The act of busting an underground bank is like nabbing a dime-bagger on a street corner. Put one behind bars and the next one is just waiting in line right behind him. These banks are likely a dime a dozen, no pun intended. All that can happen is that the commission for taking the risk of moving money to Macau may tick up slightly, just like the prices for illegal drugs tick up after a drug bust, merely subsidizing the players that have not yet been caught. Capital controls are as futile as the drug war. They do not work.

In today’s world of digital currencies especially, it is extremely simple to funnel money anywhere in the world very cheaply. Consider, the recent forks in the Bitcoin chain happened because the average price per transaction reached a high of (!) $19 and miners got uneasy about it. For digital currency transfers, $19 is a lot, but it’s nothing compared to the three days’ wait and multi-tiered fees you’ll pay to wire fiat currency anywhere through the traditional banking system.

Buy cryptocurrency on mainland China, go over to Macau and sell it. Deposit the money on some kind of prepaid debit card or have an arrangement with an underground bank in Macau to hold the money there in someone else’s name for a fee. No longer is the average guy reduced to looking up “money laundering” in a dictionary, like the nerdy software engineer group did in the movie Office Space. All the tools are right there for anyone to use. Most of the money being funneled to Macau from the mainland is almost certainly being funneled through Segwit and Bitcoin Cash (BCH), this as Segwit nears the $10,000 mark. And China is focused on $3.5M in a couple shadow banks?

Going after isolated shadow banks is like swatting a mosquito on the edge of a swampy breeding pool.
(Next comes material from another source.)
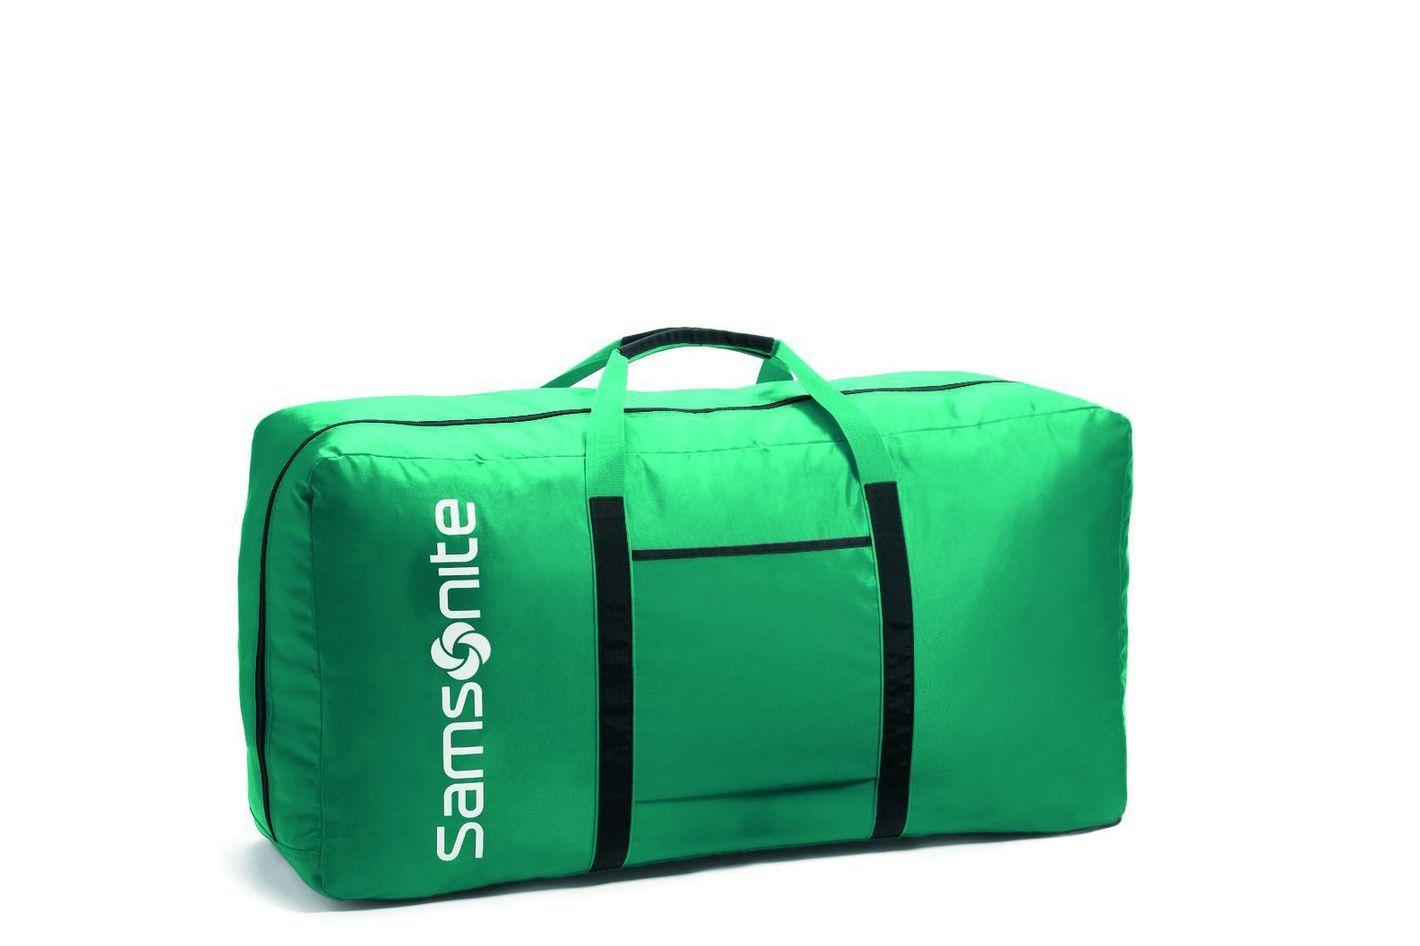 b9051582b8d6 The 15 Best Weekender Bags for Women 2018

The only way this can be stopped is by banning cryptocurrencies in China entirely. China will not do this on its own because it would cause a global financial riot, considering the fact that Segwit is the best performing asset in human history. Beijing could conceivably engage in a pinpoint operation to firewall all access to digital wallets on Macau itself, but I don’t see this happening, because China does not want to cause both a cryptocrash and a Macau crash simultaneously. The fight against cryptos will be a concerted global effort led by a consortium of powerful central banks, if and when it happens. It won’t be one country taking the lead to counter its own local money smuggling issues.

What this tiny little bust signals is that the Chinese government is simply trying to maintain the pretense that it is cracking down on money smugglers, when most likely what is really happening is that government officials high up are being paid to cover for larger operations, using smaller busts as cover that they are still serious. The government of course also has the option of simply foregoing capital controls entirely, but that would be too embarrassing. So the best solution in between would be to take down the smallest operations while keeping the biggest ones safe behind closed doors.

Keep in mind that this small bust of $4.5M began on a tip surrounding a long dormant account that suddenly came back to life. Meaning, the investigation was not even initiated by police. The $4.5M frozen was divided among 148 bank accounts, for an average of $30,405 per account. This is nothing but middle-class retail gambling money for someone looking for a fun vacation. Even if we take the bigger numbers of $3.1B for 10,000 clients, that averages out to $310,000 per client. That’s still barely noticeable or consequential. Most likely there were a handful of big accounts taken down together with a bunch of small retail accounts, thousands of average Chinese caught in the crossfires trying to transfer a few thousand dollars and have a decent time playing baccarat at the mass market tables.

Macau keeps clawing higher, now at highs not seen since October 2014. As long as China turns the other way minus a few face-saving retail sacrifices in the name of wise capital controls, the trend can theoretically continue higher. However, the trends for Macau stocks are not stable, depending mostly on government impetuosity. Much like the companies they represent, buying Macau shares at this point is a gamble.